*** COLLECTED DATA Section Begins ***

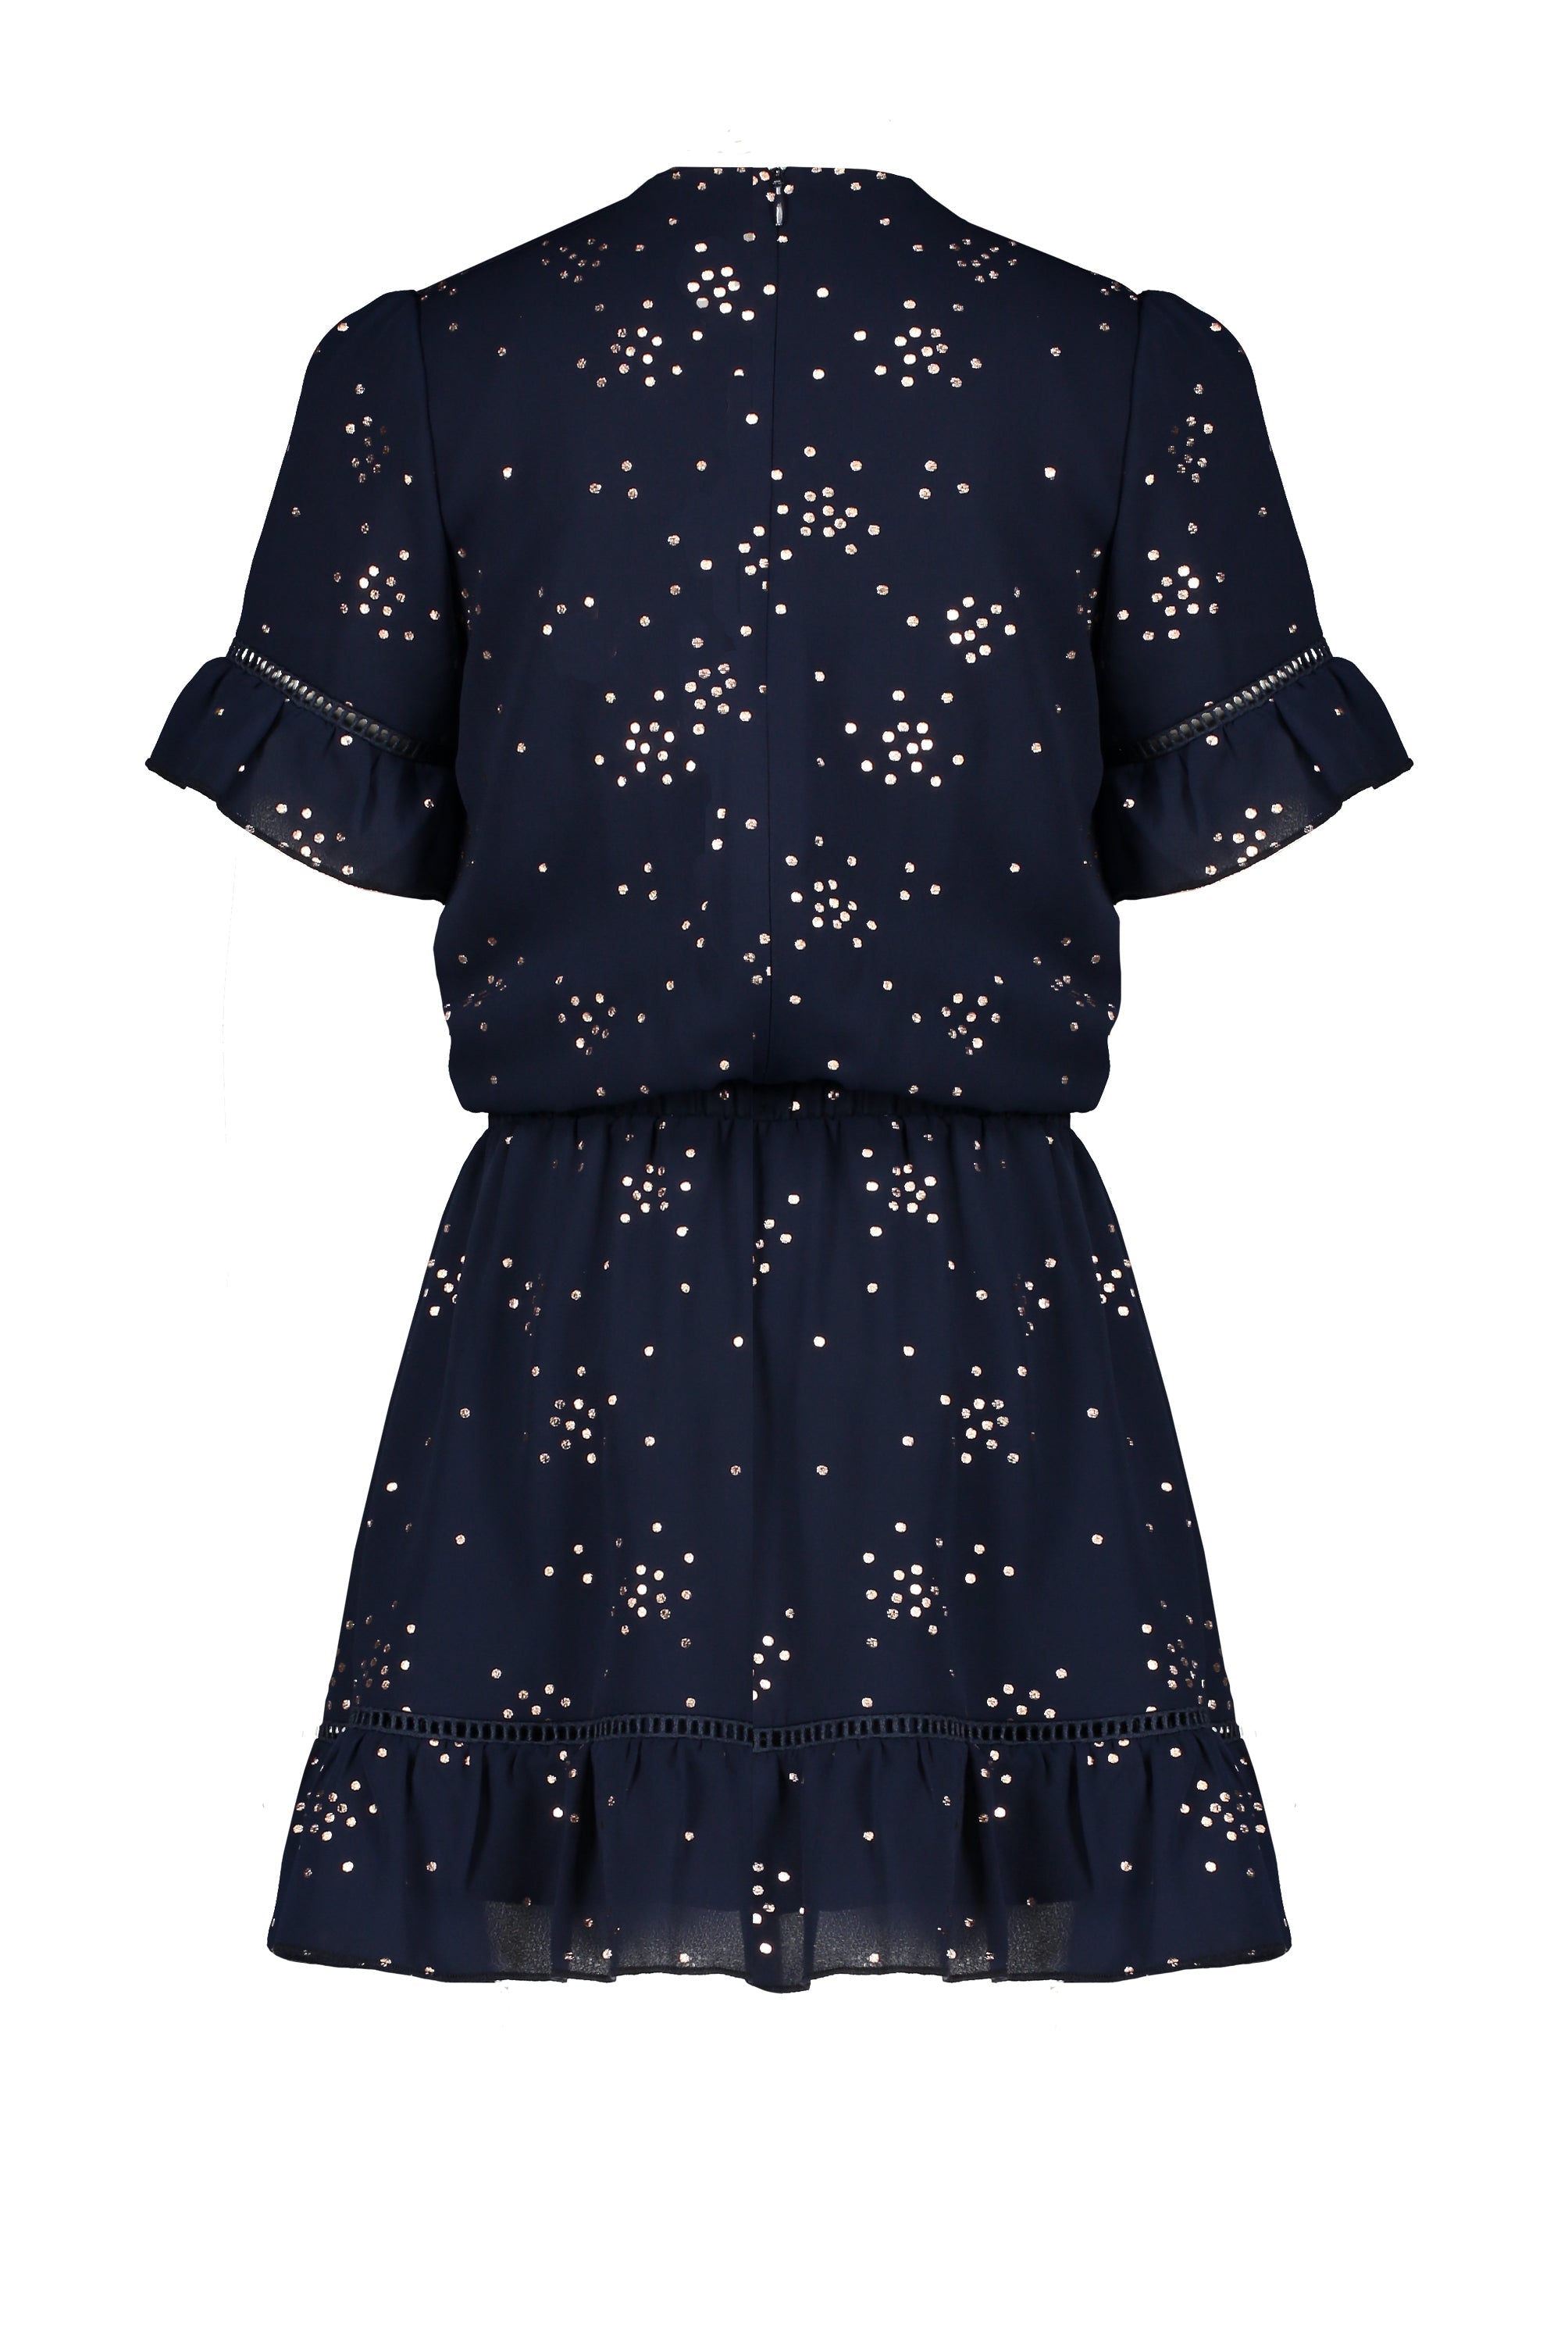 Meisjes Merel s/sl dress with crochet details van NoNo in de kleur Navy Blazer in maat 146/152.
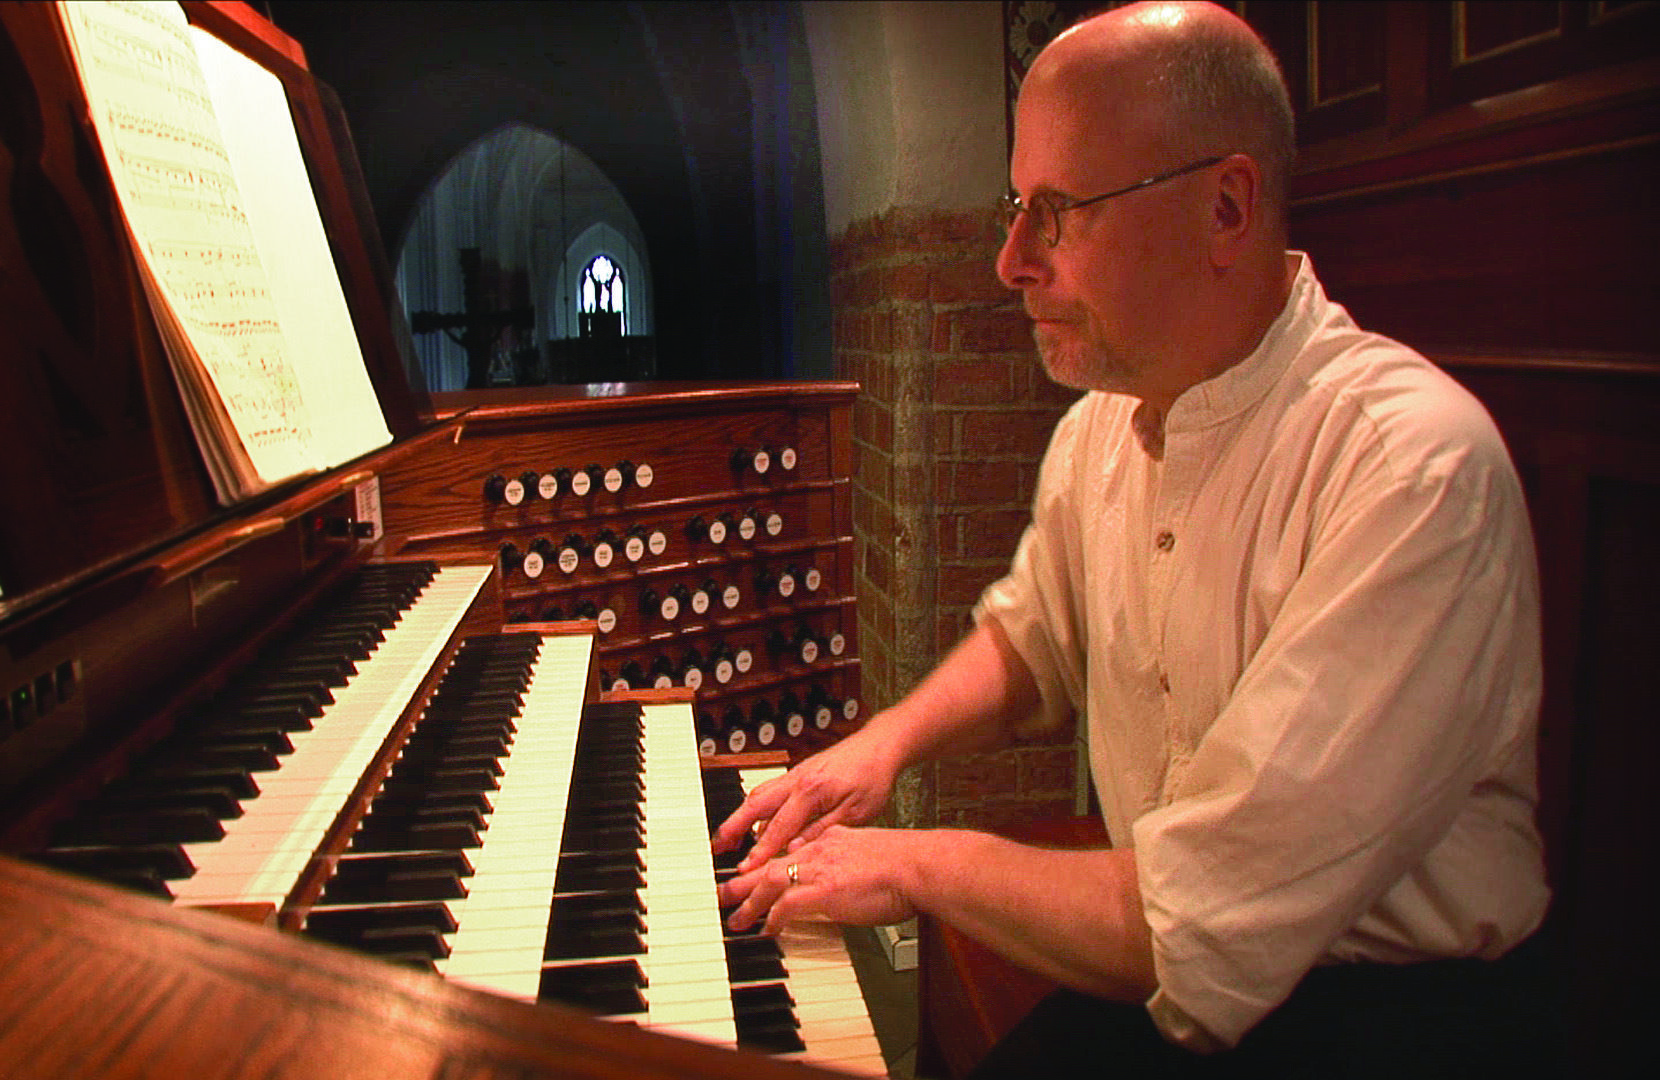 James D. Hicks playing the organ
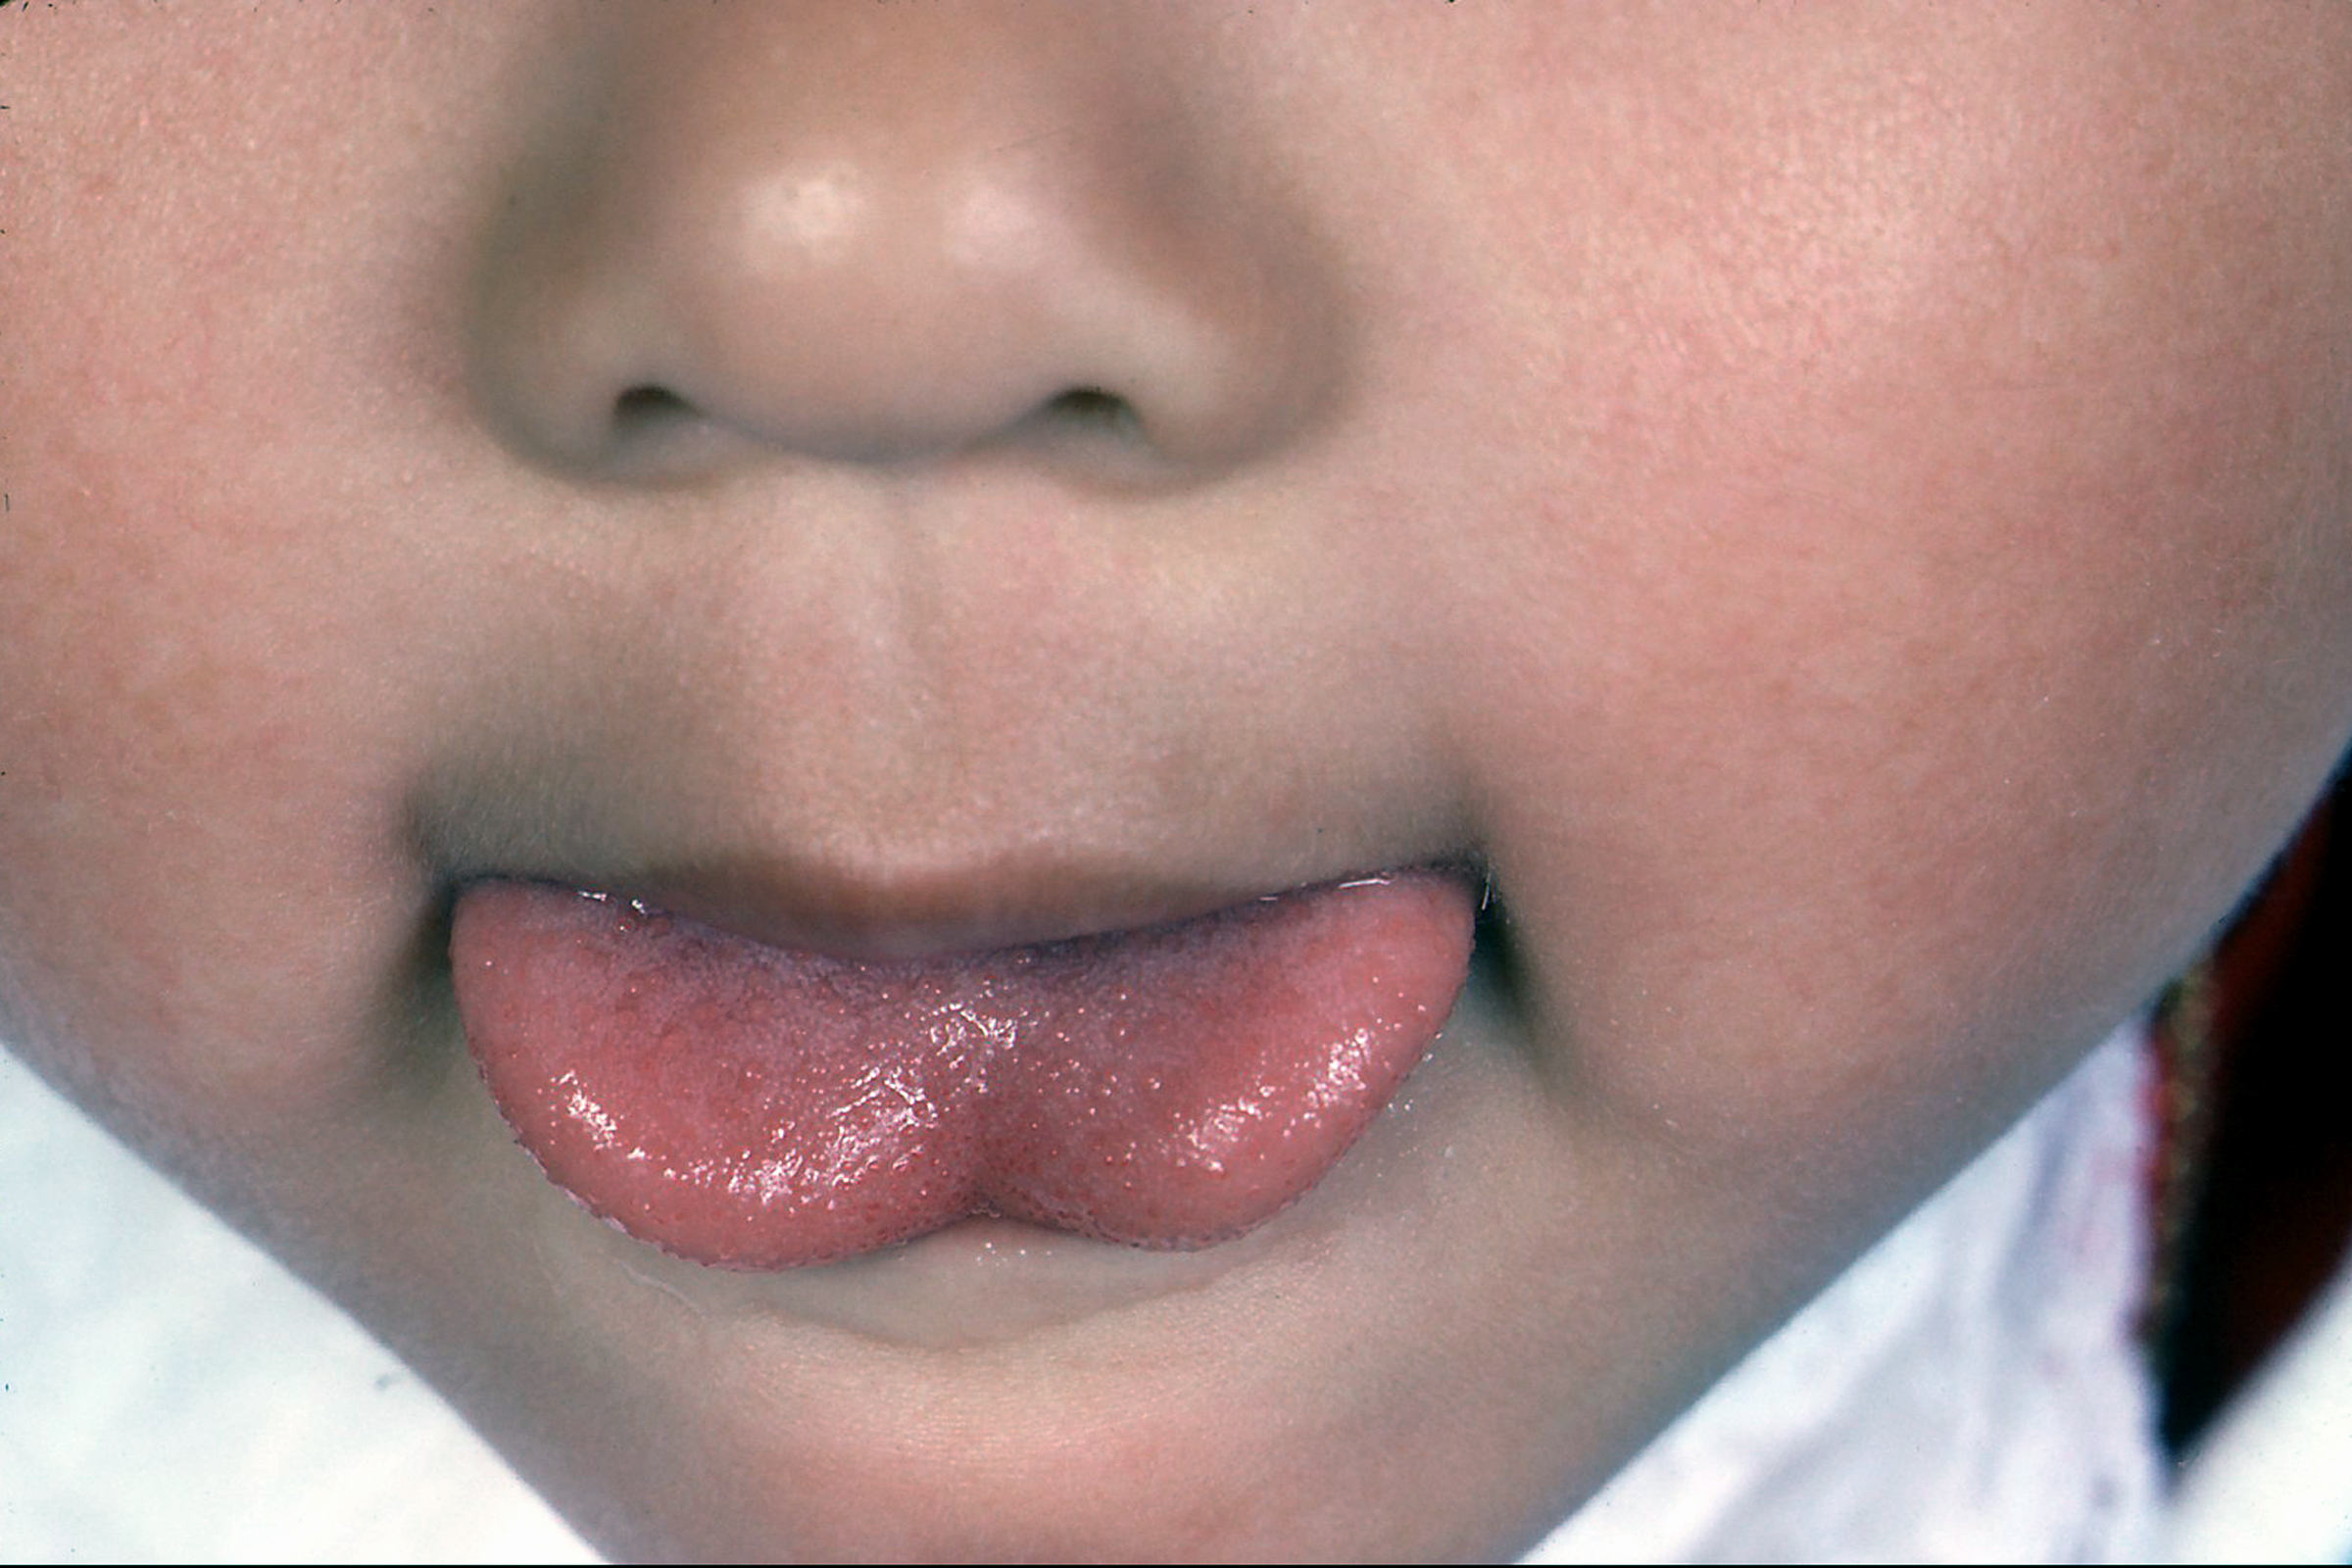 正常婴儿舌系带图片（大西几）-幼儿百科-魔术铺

*** COLLECTED DATA Section Ends ***

• THE PROBLEM
Each line of the data above should be reproduced without alteration, and no picture should appear in the copy.

• EXERCISE ANSWER
 Meisjes Merel s/sl dress with crochet details van NoNo in de kleur Navy Blazer in maat 146/152.
 James D. Hicks playing the organ
 正常婴儿舌系带图片（大西几）-幼儿百科-魔术铺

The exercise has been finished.